Of the more than 100 dispensaries currently in line for approval, 31 already have their building inspection permits and are only waiting for the Office of Cannabis final green light, according to the office’s spokeswoman Sophie Hayward. The rest are working their way through the lengthy and expensive earlier application requirements: proving they qualify for the social equity program, registering their business, conducting community outreach, seeking approval from the Planning Department and Department of Building Inspection, setting up a business plan, hiring staff, and applying for a state permit — all while paying rent on a retail location if they do not own it.
The office has the equivalent of four full-time staff reviewing applications, each taking one application at a time to completion before working with the next. That means it will be some time before each of these applications make it through the process, if they are even approved.

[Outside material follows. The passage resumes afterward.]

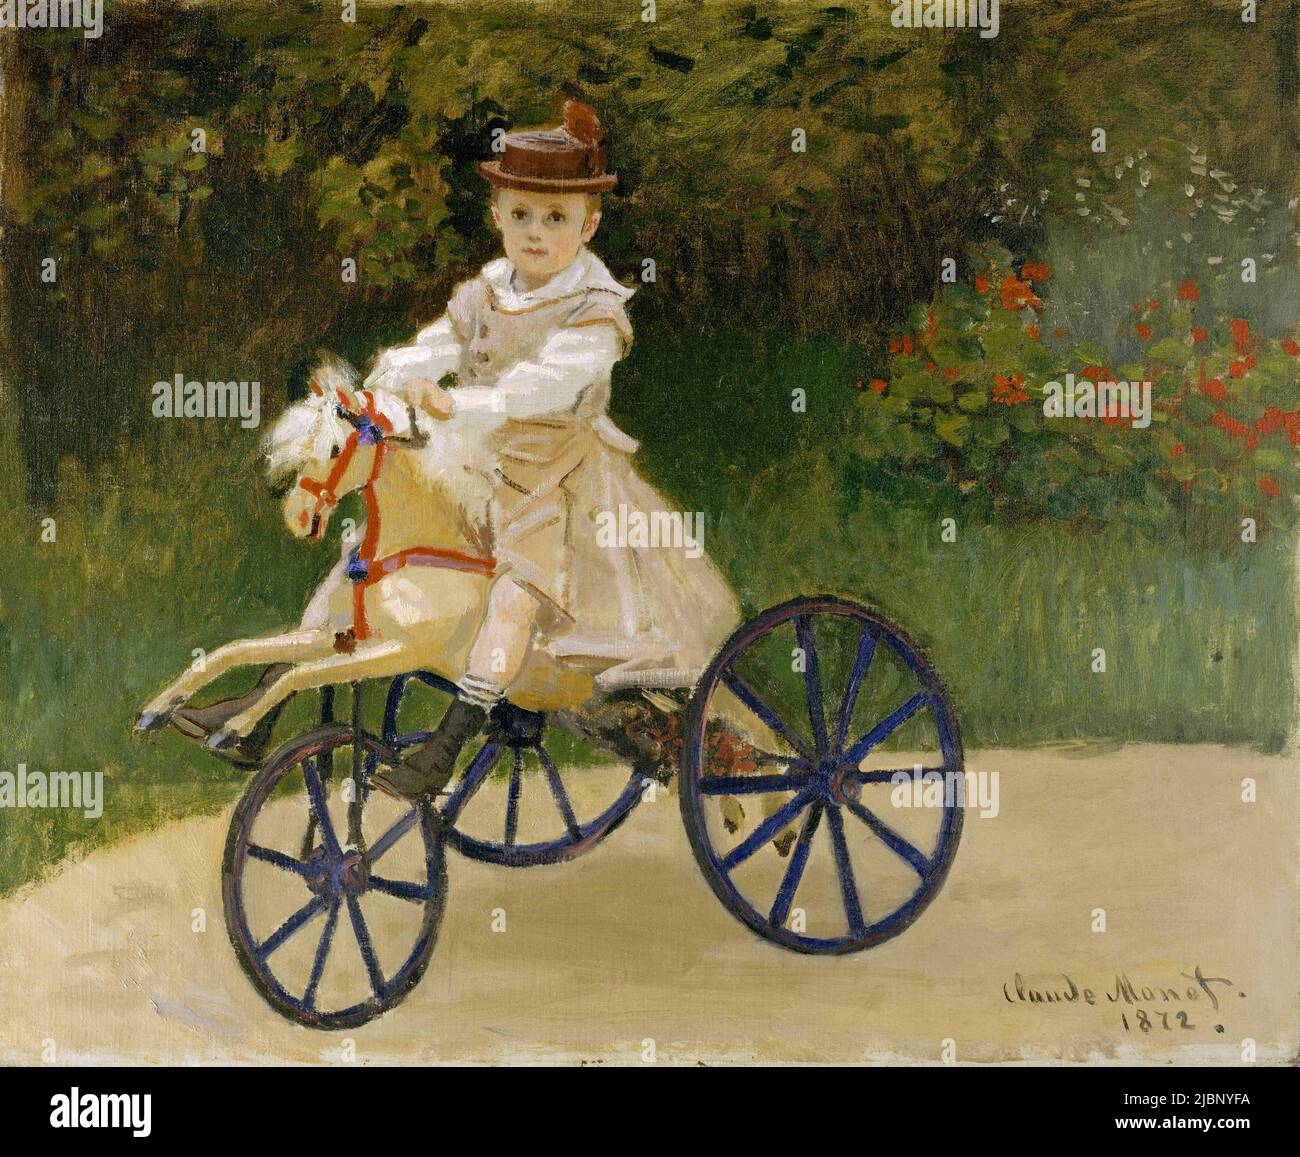 Jean Monet On His Hobby Horse, 1872. Painting by Claude Monet Stock Photo

The easiest solution to this backlog would be more staff. The office has a $1.1 million budget and the equivalent of nine full-timers, but the city is facing an estimated $728 million deficit with many cuts across the board expected.
Accelerating the speed of permit approval at the Department of Building Inspection is a whole other issue — and given the scandals and corruption at the department in recent years, not one that will likely be resolved anytime soon. The Planning Department, for its part, appears more concerned with increasing the rate at which it can approve housing projects.

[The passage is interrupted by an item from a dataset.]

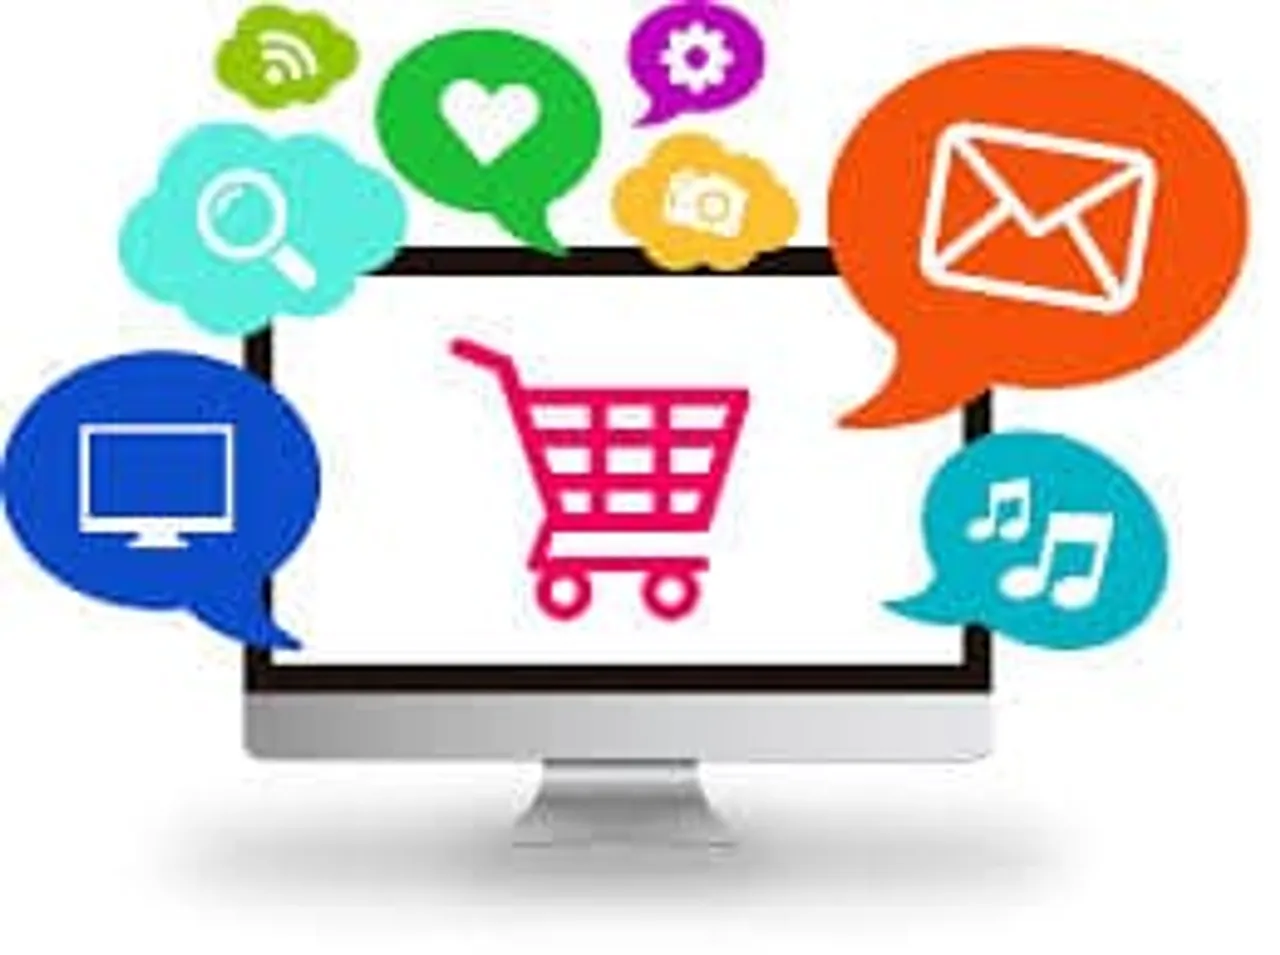 7 Key Trends That’ll Impact eCommerce in 2016

Still, Weitz is confident a pause on new cannabis retail will bring the reduced competition he needs to stay afloat in a compact city, no matter what can be tweaked in the budget: “We live in a seven-by-seven — God put us in a unique place, and it has its boundaries, and we have to live within those.”
Veronica Irwin is a writer in San Francisco and has covered cannabis, fintech, and more for The Frisc, the SF Weekly, Protocol, and the SF Examiner.